Different types of input can be provided: fastq, sra, read/count and fasta format.
The files can be provided as plain text (fastq, read/count and fasta) or compressed with gzip (*.gz extension). Please try whenever possible upload *.gz files.
Please note that sRNAbench infers the file format by means of the extension. unknown extensions are treated as read/count format. For example sample.gz would be treated as read/count format file. The program will fail if the file format is incorrectly inferred.
The recognized extensions are:
fasta: fa, fasta, fa.gz, fasta.gz
read/count: rc, rc.gz
fastq: fastq.gz, fastq, fq, fq.gz, FASTQ, FASTQ.gz, fastQ, fastQ.gz
File format explanation:
read/count format is tab separated with two columns: the read sequence separated by the read count (number of times this read was sequenced)
read read count
Note that spaces between the readID and the read count are also allowed.
sRNAbench will try to guess the adapter. Briefly, sRNAbench will align the first 250000 reads to the genome using the Bowtie seed function (
the adapters will not count for the mismatches). Then , the adapter
sequence is defined as the most frequent 10-mer starting at the first mismatch (default: guessAdapter=false)
Do not map to genome (Library mode)
The input reads are mapped directly against the annotations from the sRNAbenchDB database or against the user provided libraries. They are not mapped first to the genome.
Minimum Adapter Length
Reads can have both, a 5’ barcode and 3’ adapter sequences. For example, reads of 36 nt length, out of which 5 nt correspond to the barcode will have at the most 31 nt ‘useful’ information. In such a case, the default minimum adapter length cannot be used as this would imply that only small RNAs equal or shorter than 31nt -10nt = 21nt can be profiled.
Therefore, in such a case, the minimum adapter length should be set to 6nt allowing the profiling of small RNAs up to 25 nt. Moreover, the allowed max. number of mismatches in adapter detection should be set to 0 as otherwise the false positive detection of the adapters will increase notably (given the short sequence of only 6nt that has a much higher probability to occur by chance alone.
Number of Mismatches in Adapter
Permitting more mismatches between the read and the adapter sequence will allow to detect and trim a higher number of adapter sequences, but will also increase the number of false positive trimmings (especially if the minimum adapter length is decreased!).
Do not profile other ncRNAs
Only microRNAs are profiled. This option basically lowers the run-time notably. To reduce run-time further, the prediction of novel microRNAs can be deactivated (see Parameters section).
Recursive Adapter Trimming
If the adapter was not found within the complete read sequence using the minimum adapter length, the program will try to detect the adapter at the 3’ end of the read using recursively shorter minimum adapter lengths.

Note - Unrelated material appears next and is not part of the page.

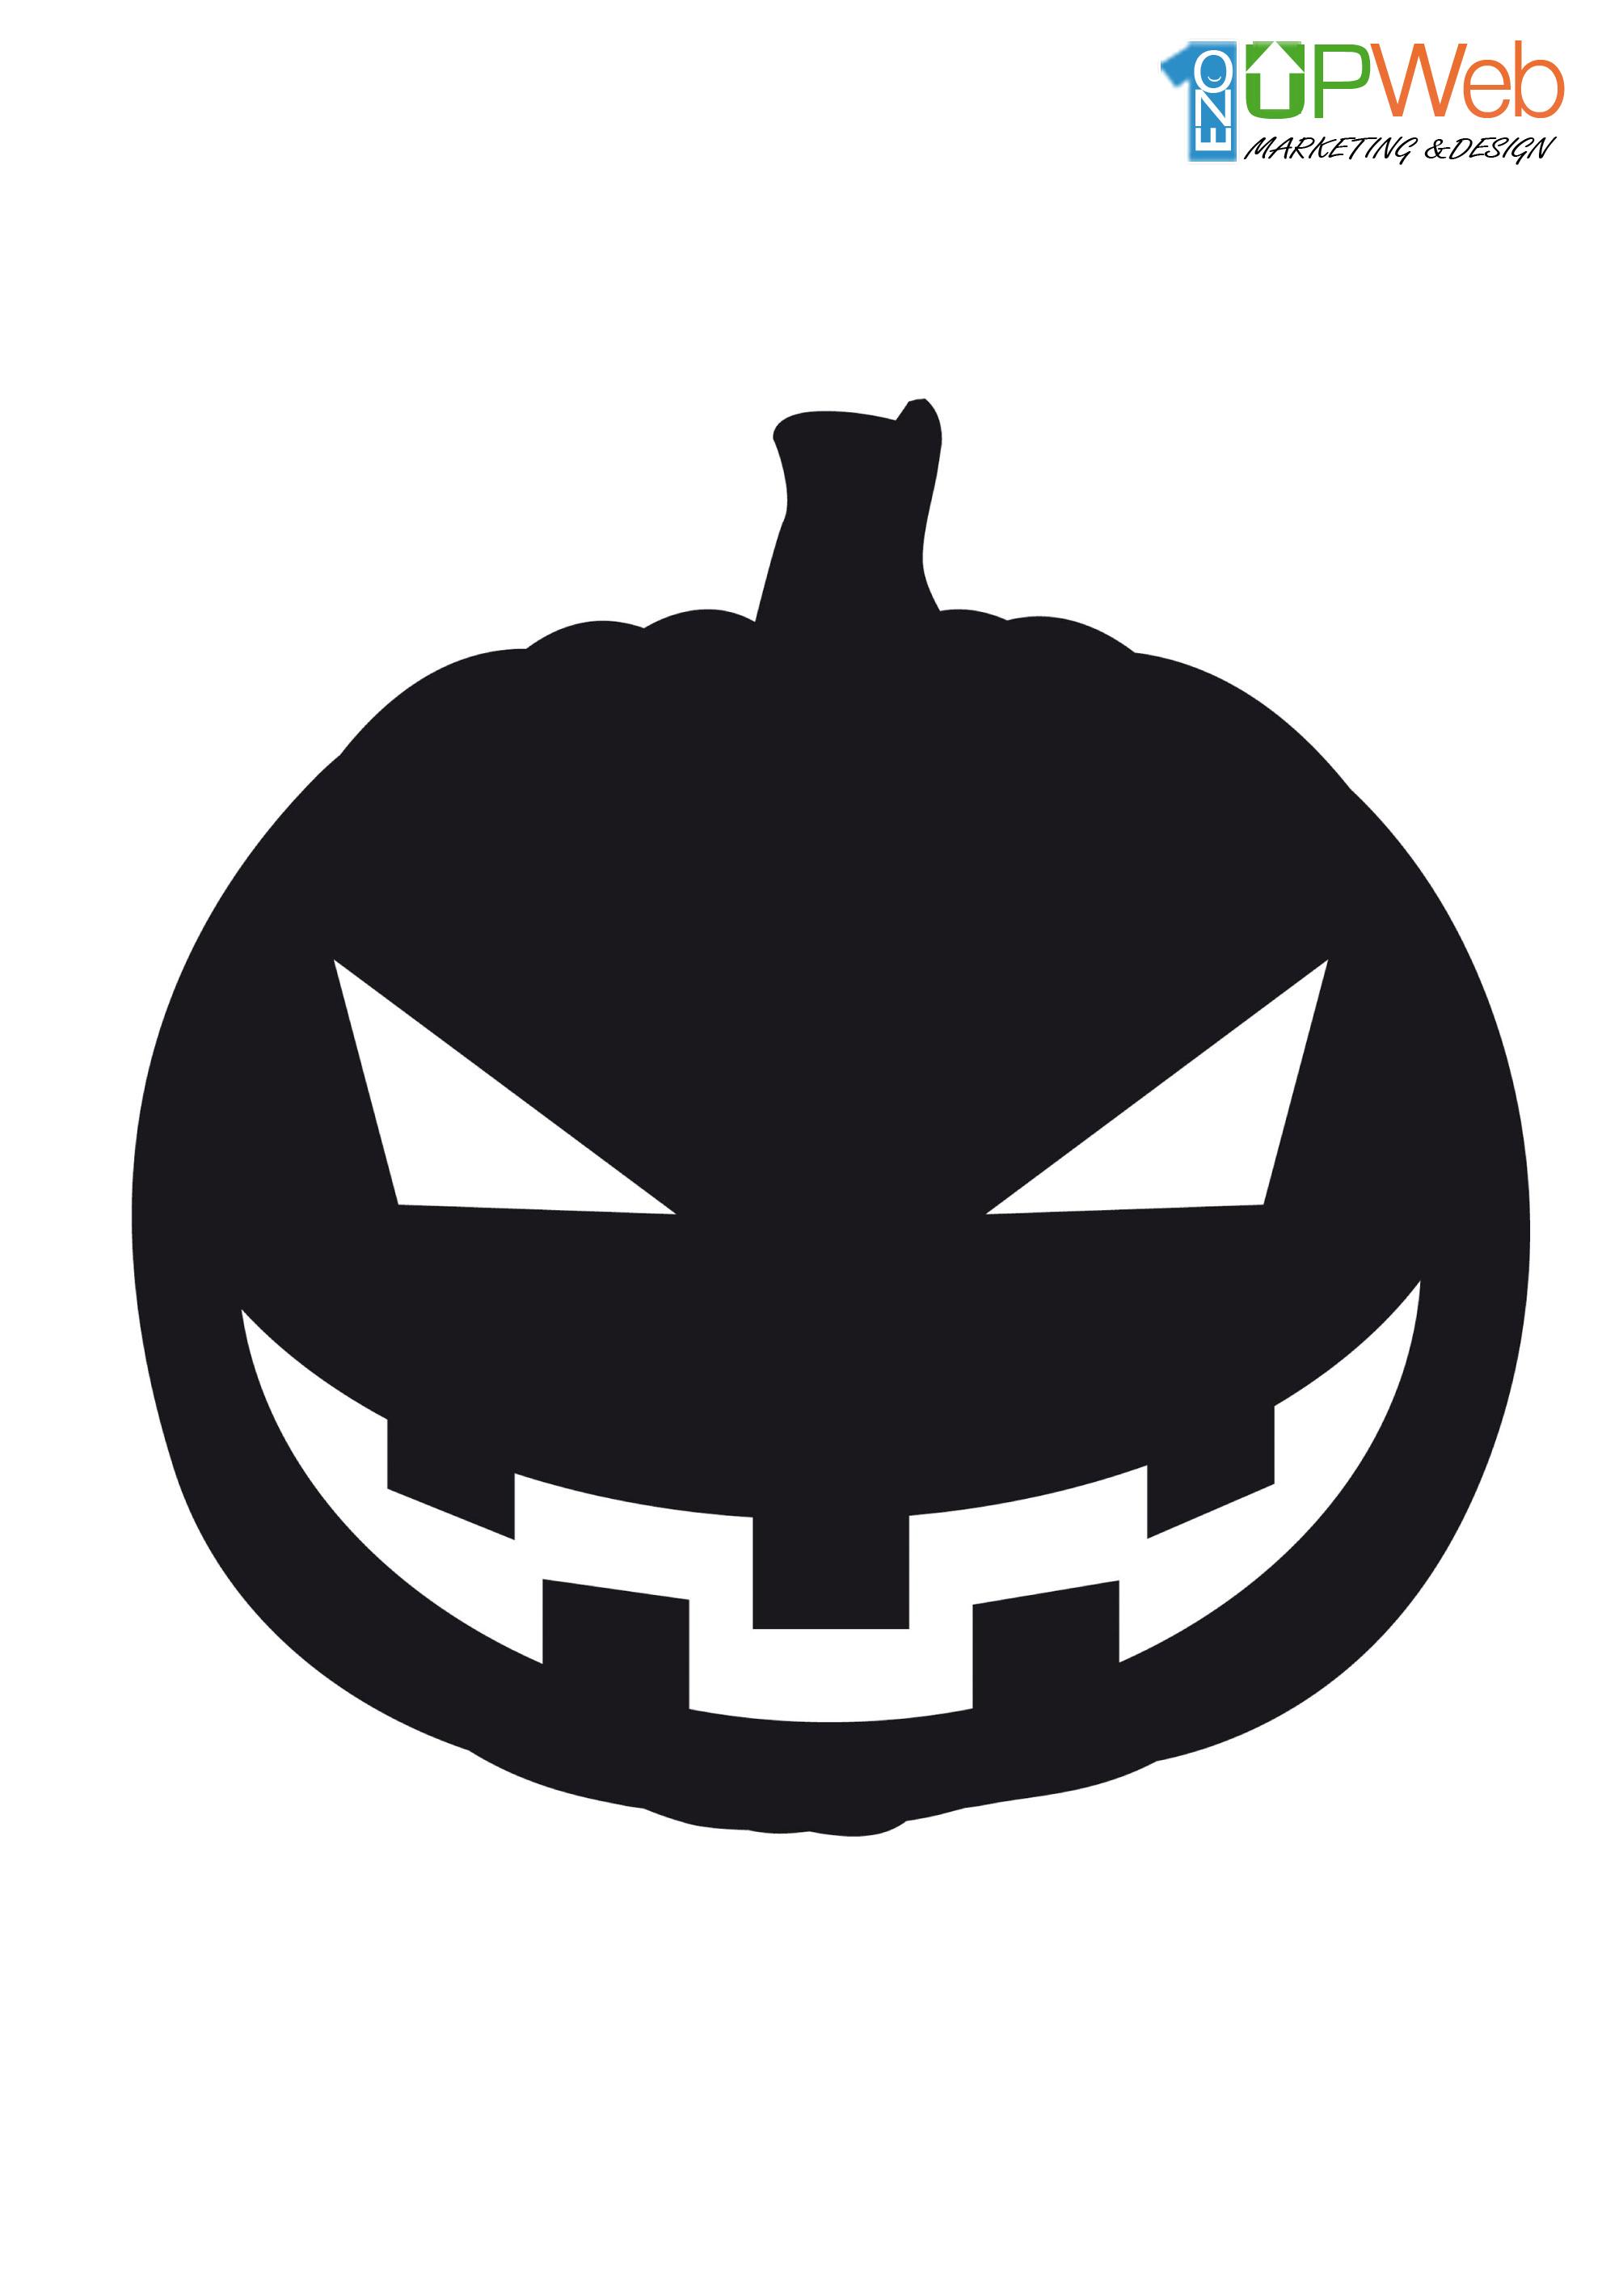 Plantillas para halloween dise o de paginas web - Plantillas para decorar calabazas halloween ...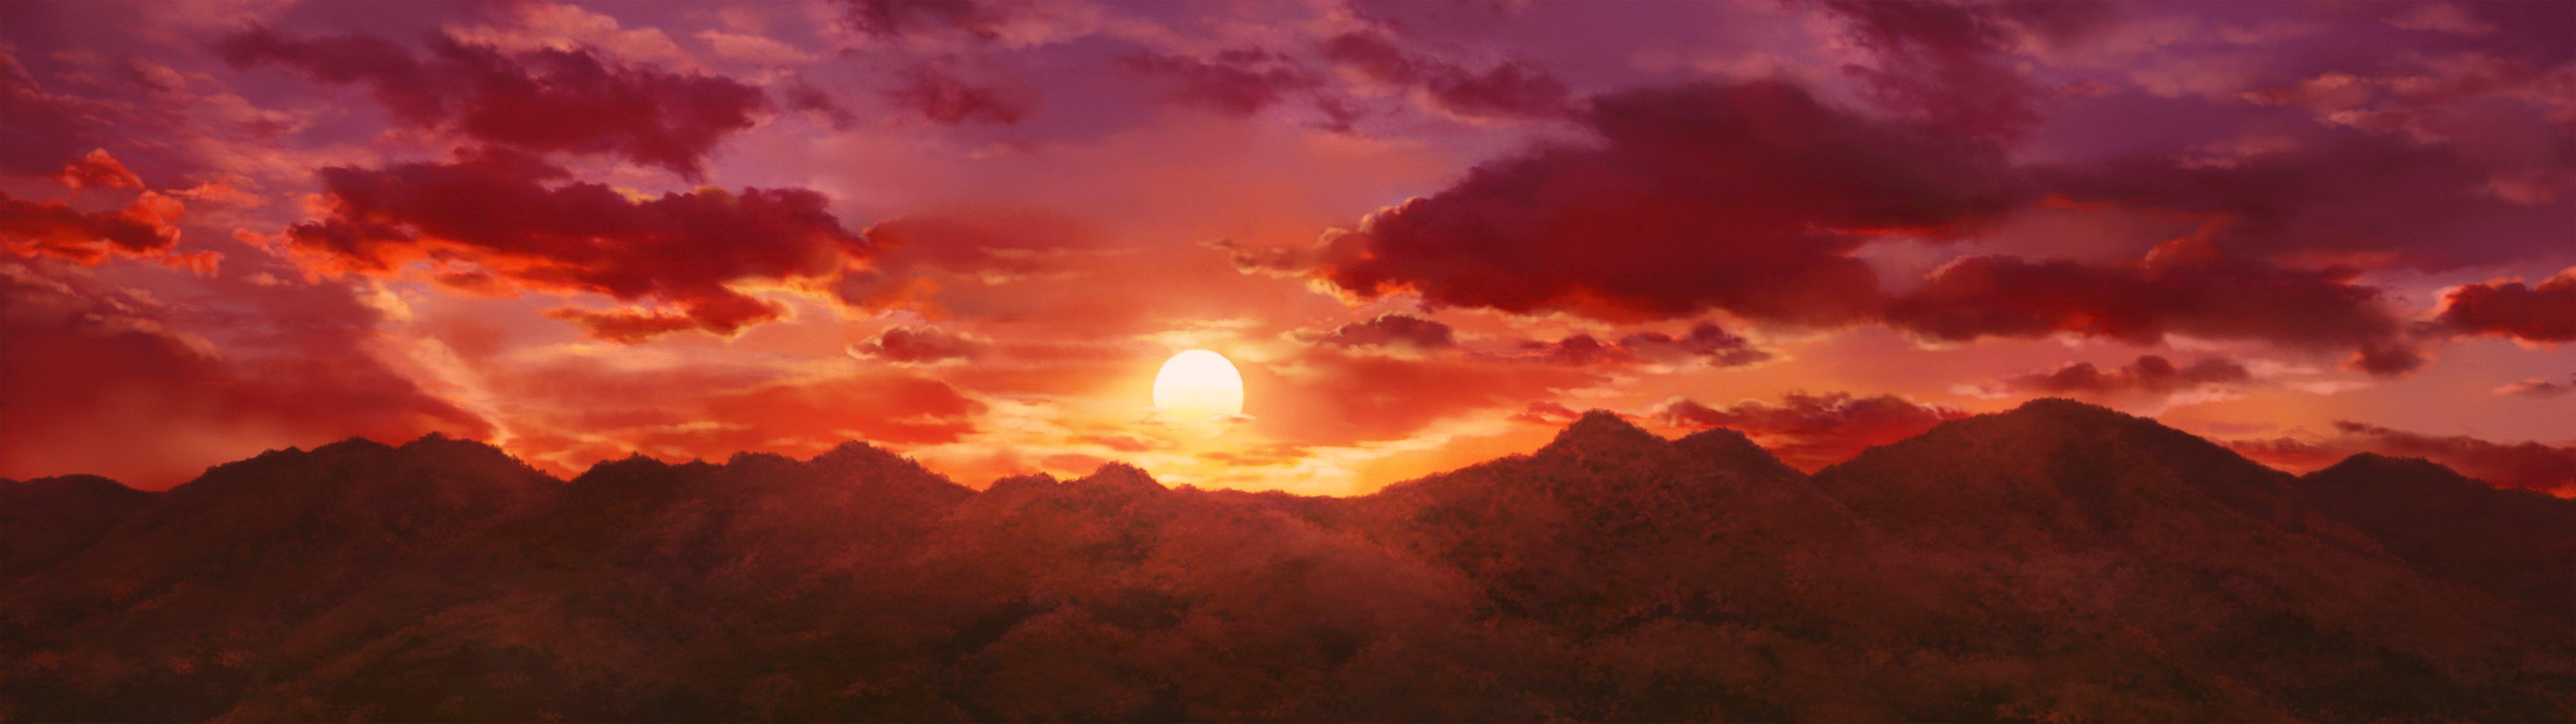 Monobeno-cura-highres-wide+image-cloud+(clouds)-sky

For example, if the adapter min. length is 10, then in the first round the last nine bases would be aligned to the adapter (only to the first 9 bases of the 5’ end of the adapter sequence), in the second round the last 8 bases etc. No lower threshold for the minimum adapter length is established and therefore most trimmings of the last couple of bases might be by chance alone.
sRNAbench can profile small RNAs from experiments with genetic material from different organisms. Therefore,
different species can be selected by means of activating the corresponding ‘checkboxes’.
Upload User Annotations for Profiling
The user can upload annotation files for profiling, i.e. the expression values of these small RNA annotations are detected. Allowed file formats are: fasta, bed or gff.
If the genome is not in our database...
All species contained miRBase can be used even if the corresponding genome assembly is not in the our database (only the microRNA expression profiles would be generated in this case).